Машенька, на мой взгляд, действительно переменилась много к лучшему, стала спокойнее, проще, доверчивее. Нынче был управляющий, молодой немец, который мне очень понравился, я попросил его подождать тебя две недели, как ты хочешь приехать. Мне, однако, по правде сказать, не хотелось бы, чтобы ты приезжал так скоро. Мне все кажется, что тебе бы хорошо было пожить подольше вне милого отечества, которое на тебя нехорошо действует. В Туле у тебя ничего особенного нет, по слухам, я сам не был. Петерсон ездит. Машенька без меня была у Маши и привозила с собой Гришу*, от него все наши пришли в радость, а Наталья Петровна* внушила ему, чтобы он целовал ручки и чувствовал.
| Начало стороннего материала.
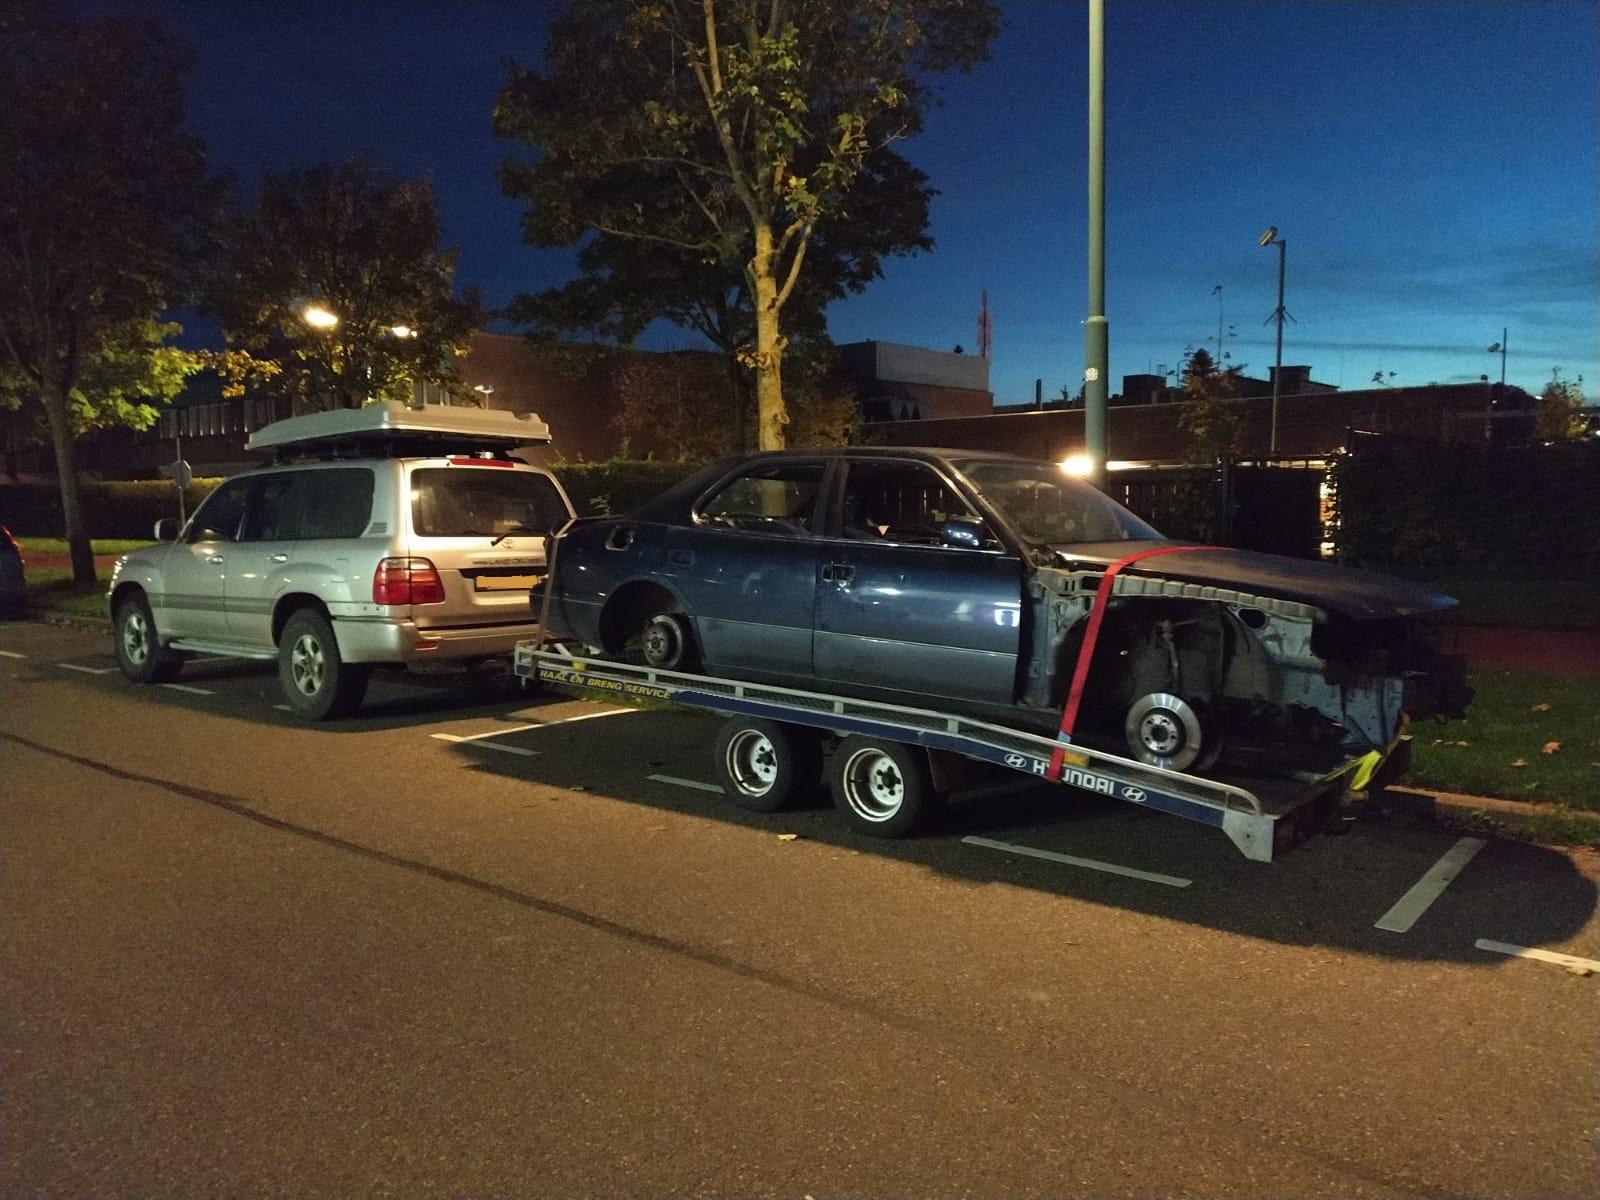 ls400 on trailer.jpeg

Видел я в Казани Владимира Ивановича* – точно такой же, как был. Ну да об этом все расскажу на словах. Деньги посылаются с сею же почтою 500 р. Ежели прошла неделя 6 дней с получения твоего письма, то, право, нельзя было иначе. От Михея только 300 р., остальные Машенькины. Михей еще не получал за землю. Прощай, Машенька и тетенька тебя целуют. Письма и ведомость Мещерского посылаю, Михей приедет завтра, и я велю ему написать.
Л. Толстой.
6 августа.
1862 г. Августа 7. Ясная Поляна.
Письмо ваше, любезнейший Сергей Александрович, одно из тех, которые я считаю наградой за свою неблагодарную (в смысле сочувствия публики) деятельность. Я и не рассчитываю на эти награды, но тем приятнее их получать. Вы прочли, поняли и кое с чем согласны*, большинство же говорит: «Это какой Толстой? не Алексей?* не обер‑прокурор?* Ах да, «Детство». Он мило пишет», – и успокоиваются. Стою я на днях пошлю свои книжки*. Я его самого не знаю; но знаю его заведение, и все‑таки оно самое интересное и, главное, единственное почти живое заведение из всех немецких школ. Остальные, вы знаете, как мертвы, совсем мертвы.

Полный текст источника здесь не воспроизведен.